Workup for Low Alkaline Phosphatase Levels
Low alkaline phosphatase (ALP) levels should be thoroughly evaluated for hypophosphatasia (HPP), the most common genetic cause of persistently low ALP, as this condition can be misdiagnosed as other disorders and may be worsened by certain treatments like antiresorptive therapy. 1
Initial Evaluation
Confirm persistent low ALP:
- Repeat ALP measurement to confirm persistently low levels
- Check bone-specific ALP isoenzyme (may be low even when total ALP appears normal) 2
Laboratory studies:
- Measure ALP substrates:
- Calcium and phosphate levels
- Parathyroid hormone (PTH)
- 25(OH) vitamin D levels
- Liver function tests (to rule out liver disease)
- Check for zinc and magnesium deficiency (can cause low ALP)
Imaging Studies
Skeletal radiographs to evaluate for:
- Stress fractures
- Pseudofractures
- Chondrocalcinosis
- Calcific periarthritis
- Premature fusion of cranial sutures (in pediatric cases)
Bone density scan (DXA) to assess for osteopenia/osteoporosis
Genetic Testing
- ALPL gene sequencing to identify pathogenic variants associated with HPP 1
- Note that some patients with clinical HPP may have normal results after exon sequencing, suggesting mutations in regulatory regions or other genes 1
Clinical Assessment
Detailed history focusing on:
- Skeletal pain and weakness
- History of fractures, especially stress fractures or atypical femoral fractures
- Dental problems (early tooth loss, "gray gums") 2
- Joint pain and arthritis
- Family history of similar symptoms
Physical examination focusing on:
- Musculoskeletal system
- Dental status
- Neurological assessment
Differential Diagnosis
Low ALP can be seen in:
Genetic causes:
- Hypophosphatasia (most common genetic cause)
- Wilson's disease
Acquired causes:
- Malnutrition
- Vitamin and mineral deficiencies (zinc, magnesium)

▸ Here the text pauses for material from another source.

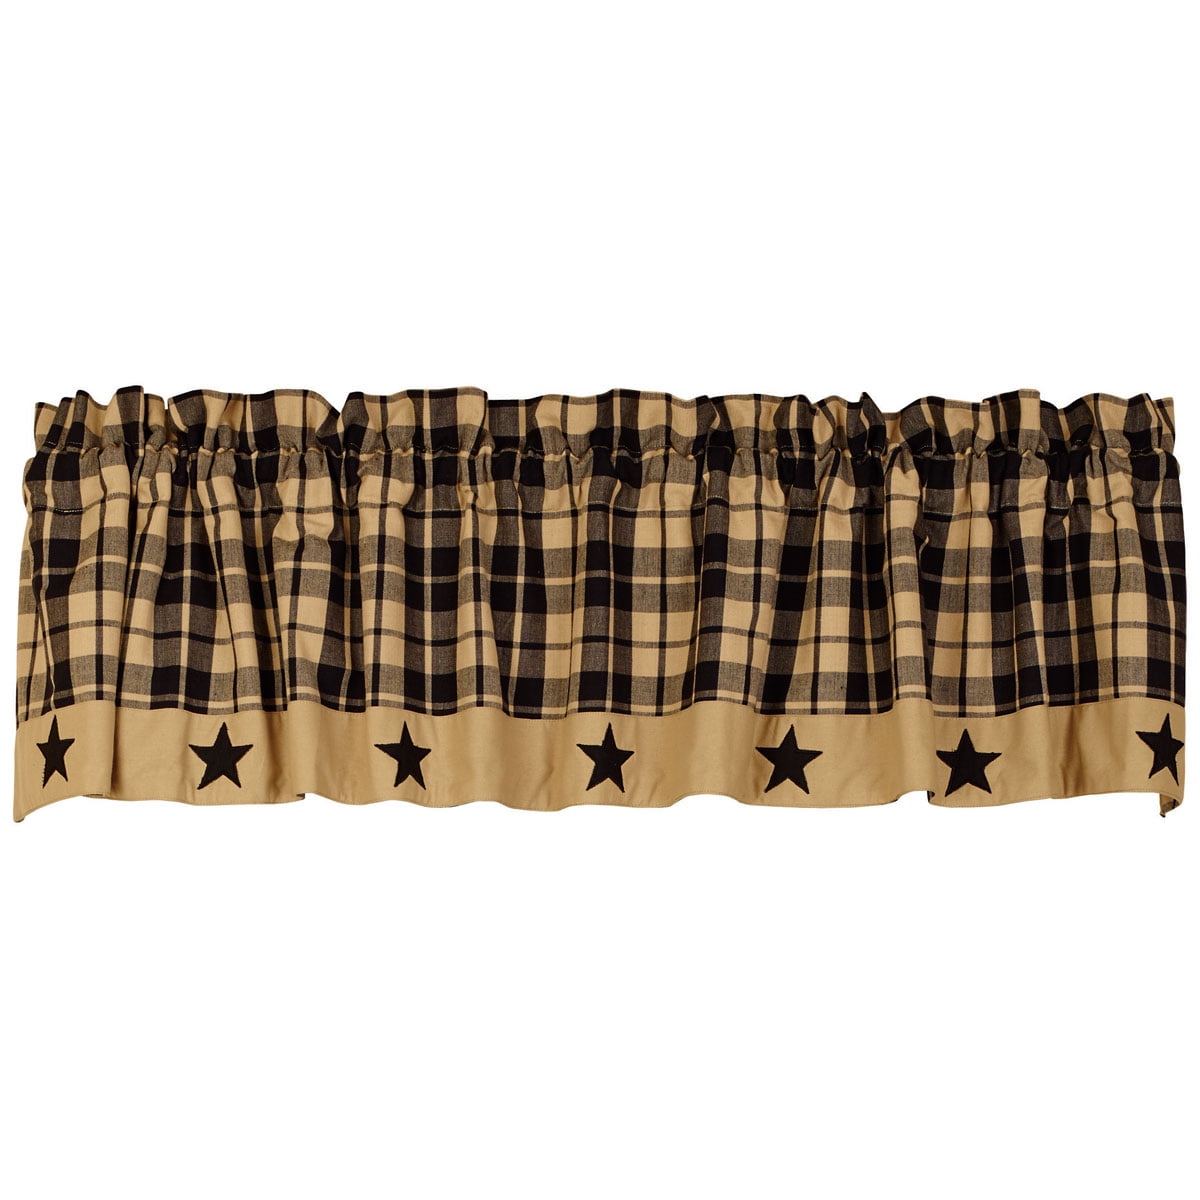 Valance 72 inch Black Tan Plaid with Applique Stars Primitive Curtain

- Endocrine disorders (hypothyroidism, hypoparathyroidism)
- Severe acute illness
- Medication effects (antiresorptives, glucocorticoids)
Special Considerations
- Low ALP is often not flagged by laboratories as abnormal, leading to missed diagnoses 4
- Consider HPP in patients diagnosed with fibromyalgia who have low ALP levels (9.3% of fibromyalgia patients may have consistently low ALP) 3
- HPP should be considered in osteoporosis clinic patients with low ALP (found in 9% of such patients) 5
- Patients with HPP should avoid antiresorptive therapy as it may worsen their condition and increase risk of atypical femoral fractures 5
Management Implications
- Diagnosis of HPP may lead to enzyme replacement therapy with asfotase alfa 2
- Proper diagnosis prevents inappropriate treatment with antiresorptives, which are contraindicated in HPP 5
- Genetic counseling should be offered to affected individuals and families
Early diagnosis is crucial as treatment options are now available for HPP, and avoiding inappropriate treatments can prevent complications.